Question 5: Determine the space complexity for the following function:

function subtotals(array) {
  var subtotalArray = Array(array.length);
  for (var i = 0; i < array.length; i++) {
    var subtotal = 0;
    for (var j = 0; j <= i; j++) {
      subtotal += array[j];
    }
    subtotalArray[i] = subtotal;
  }
  return subtotalArray;
}

O(n)

2.8 Logarithms

  • We've encountered some of the most common complexities; O(1), O(n), O(n^2).

  • Sometimes Big O expressions involve more complex mathematical expressions.

  • One that appears more often than you might like is the algorithm

  • What's a logarithm again?

    • A logarithm is the inverse of exponentiation
    • log2(8) = 3 --> 2^3 = 8
      • log base 2 of 8 equals 3
      • i.e., 2 to what power equals 8?
      • We omit the 2, so log === log2
    • log2(value) = exponent --> 2exponent = value
    • can have log3,log5, log10, but the binary algorithm (log2) is the most common
  • The binary logarithm of a number roughly measures the number of times you can divide that number by 2 before you get a value that's less than or equal to one.

  • Logarithmic Examples

    • 8 => (8 / 2 = 4) => (4 / 2 = 2) => (2 / 2 = 1) => log(8) = 3
    • 25 => (25 / 2 = 12.5) => (12.5 / 2 = 6.25) => (6.25 / 2 = 3.125) => (3.125 / 2 = 1.5625) => (1.5625 / 2 = 0.78125) => log(25) ~ 4.64
  • Logarithmic Complexity

    • Logarithmic time complexity is great!
    • O(log n) logarithmic complexity compares favorably with O(n)
  • Importance of Logarithmic Time Complexity

    • Certain searching algorithms have logarithmic time complexity.
    • Efficient sorting algorithms involve logarithms.
    • Recursion sometimes involves logarithmic space complexity.
  • Common Big O Notation (slowest to fastest)

    • O(n^2)
    • O(nlog n)
    • O(n)
    • O(log n)
    • O(1)

Big O

  • Recap
    • To analyze the performance of an algorithm, we use Big O Notation
    • Big O Notation can give us a high level understanding of the time or space complexity of an algorithm
    • Big O Notation doesn't care about precision, only about general trends (linear? quadratic? constant?)
    • The time or space complexity (as measured by Big O) depends only on the algorithm, not the hardware used to run the algorithm
    • Big O Notation is everywhere, so get lots of practice!

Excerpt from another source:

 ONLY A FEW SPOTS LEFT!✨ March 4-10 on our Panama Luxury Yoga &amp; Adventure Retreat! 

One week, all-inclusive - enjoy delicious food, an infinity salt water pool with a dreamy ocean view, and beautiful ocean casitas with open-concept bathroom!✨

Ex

Section 3: Analyzing Performance of Arrays and Objects

3.1 Objects

The Big O of Objects

  • Objectives

    • Understand how objects and arrays work through the lens of Big O
    • Explain why adding elements to the beginning of an array is costly
    • Compare and contrast the runtime for arrays and objects, as well as built-in methods
  • Objects are unordered data structures where everything is stored in unordered, key-value pairs

  • When to use Objects (unordered, key-value pairs)

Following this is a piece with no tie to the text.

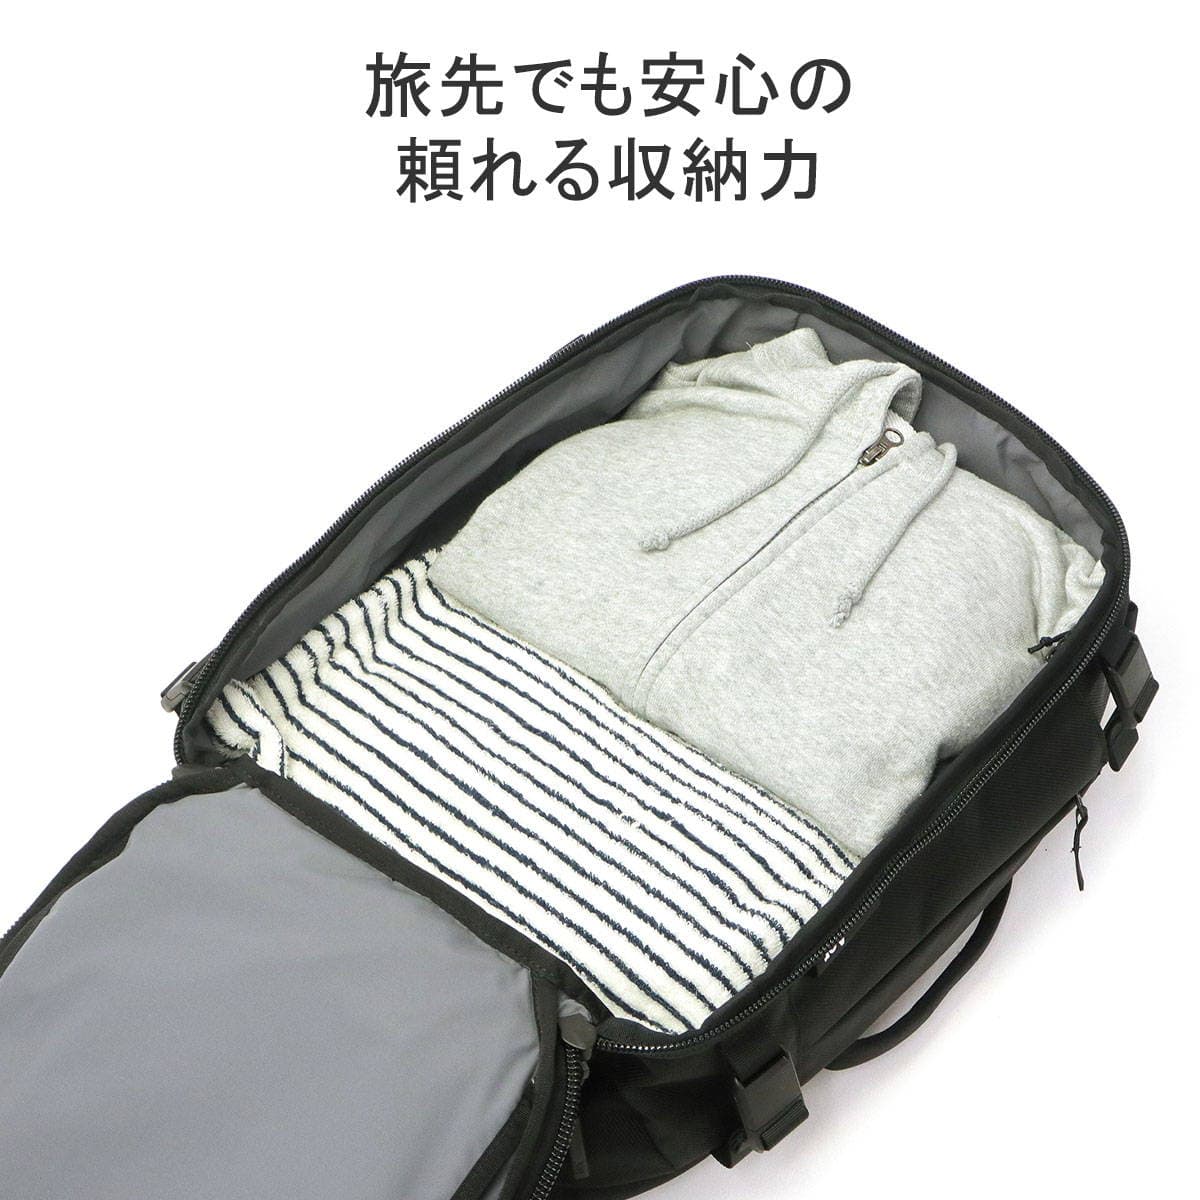 aer travel pack2 small 28l

    • When you don't need order
    • When you need fast access/insertion and removal
  • Big O of Objects

    • Insertion O(1)
    • Removal O(1)
    • Searching O(n)
    • Access O(1)
  • Big O of Object Methods

    • Object.keys O(n)
    • Object.values O(n)
    • Object.entries O(n)
    • hasOwnProperty O(1)

Object Operations Quiz

  • Question 1: What is the Big O for adding a key and value into an object?

    • O(1)
  • Question 2: What is the big O for accessing a key in an object?

    • O(1)
  • Question 3: What is the big O of removing a key in an object

    • O(1)

3.2 Arrays

  • Use arrays:

    • When you need order
    • When you need fast access/insertion and removal (sort of ...)
    • not as efficient when you have to reindex the array
  • Big O of Arrays

    • Insertion: it depends ...
      • push()/pop() => O(1)
      • shift()/unshift() => O(n)
    • Removal: it depends ...
    • Searching O(n)
    • Access O(1)
  • Big O of Array Methods

    • push O(1)
    • pop O(1)
    • shift O(n)
    • unshift O(n)
    • concat O(n)
    • slice O(n)
    • splice O(n)
    • sort O(n * log n)
    • forEach/map/filter/reduce/etc. O(n)
  • Array Limitation

    • Inserting at the beginning of an array is not as easy as we might think. There are more efficient data structures for that.

Array Operations Quiz

  1. What is the big O for pushing into an array?

    • O(1)
  2. What is the big O for shifting into an array?

    • O(n)
  3. What is the big O for the forEach function

    • O(n)

Section 4: Problem Solving Approach

Problem Solving Approach

Introduction to Problem Solving

  • Objectives

    • Define what an algorithm is
    • Devise a plan to solve algorithms
    • Compare and contrast problem solving patterns including frequency counters, two pointer problems, and divide and conquer
  • What is an algorithm?

    • An algorithm is a process or set of steps to accomplish a certain task.
    • Almost everything that you do in programming involves some kind of algorithm
    • It's the foundation for being a successful problem solving developer
    • Interviews
  • How do you improve?

    1. Devise a plan for solving problems.
    2. Master common problem solving patterns.
  • Problem Solving Strategies (version of PEDAC)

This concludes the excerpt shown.